Nessuna frecciatina ai colleghi?
«Mi hanno accolto a braccia aperte. Ci siamo visti qualche giorno fa, dopo un mese di lontananza, e la prima cosa che ho detto è stato: “Mi mancate”».
E i concorrenti di questa edizione come saranno?
«Sono molto creativi, cosa che spesso i professionisti non possono più permettersi. Se ci fossimo rivolti a 20 cuochi veri, avrebbero incontrato delle difficoltà durante certe situazioni. Li metteremo alla prova con ingredienti che neanch’io conosco bene».
Perché Masterchef piace tanto?
«Per il gusto della competizione, prima di tutto. Ovviamente per il cibo. E poi anche perché oggi manca la mamma che ti insegna a cucinare. A 18 anni vai fuori di casa a studiare, a lavorare, e come fai a imparare? I ragazzi oggi si mettono ai fornelli da soli, usano i libri e la tv. Facciamo tutti lavori più cerebrali che manuali, ma la cucina ti riporta a usare il fisico, le mani. Ti fa scoprire che la perfetta lievitazione di un pane che hai preparato tu è capace di farti toccare il cielo con un dito».
I concorrenti di Masterchef possono diventare davvero cuochi?
«Il programma spiega la fatica del mestiere, ma da lì a diventare chef ci vogliono dieci anni di cucina».

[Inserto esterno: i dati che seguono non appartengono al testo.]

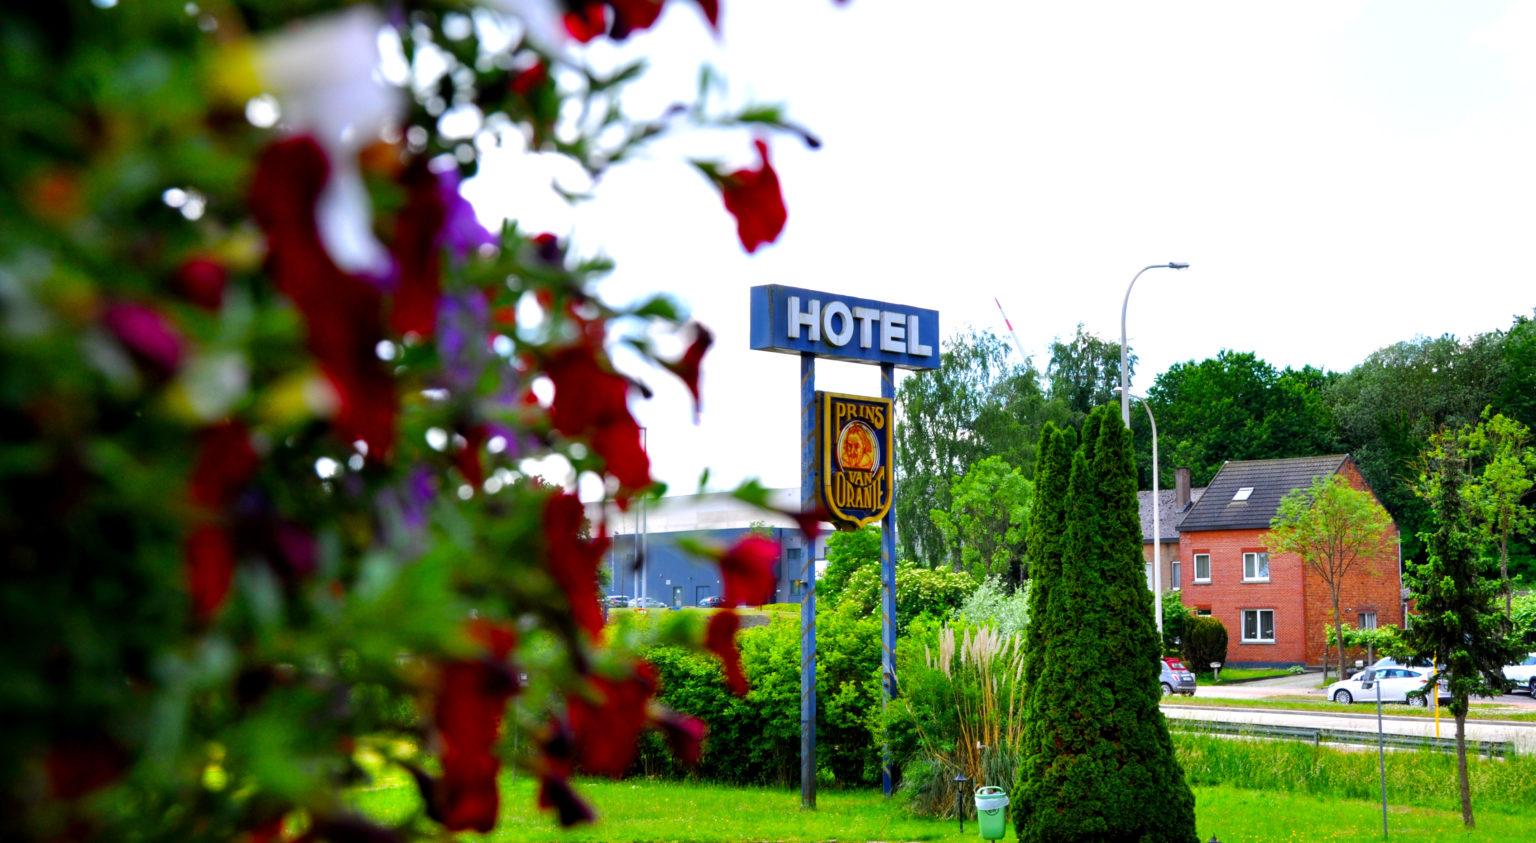 Hotel Prins van Oranje

Dicono che ci voglia anche fortuna.
«Ovvio. Io infatti la aspetto tutti i giorni, dalle 8 del mattino alle 2 di notte. Mentre gli altri vanno a sciare il fine settimana, e la sera al cinema, il cuoco sta lì, che aspetta la fortuna in cucina».
Dovesse scegliere un mestiere alternativo?
«Farei il pescatore. Il mare rilassa e riesco a non pensare al mio lavoro».
Altrimenti ci pensa spesso?
«Sempre, soprattutto quando vado a cena fuori. A proposito, mi scusi se chiudo io la telefonata, ma adesso devo proprio tornare in cucina. Se no finisce che mi segnano mezza giornata di riposo».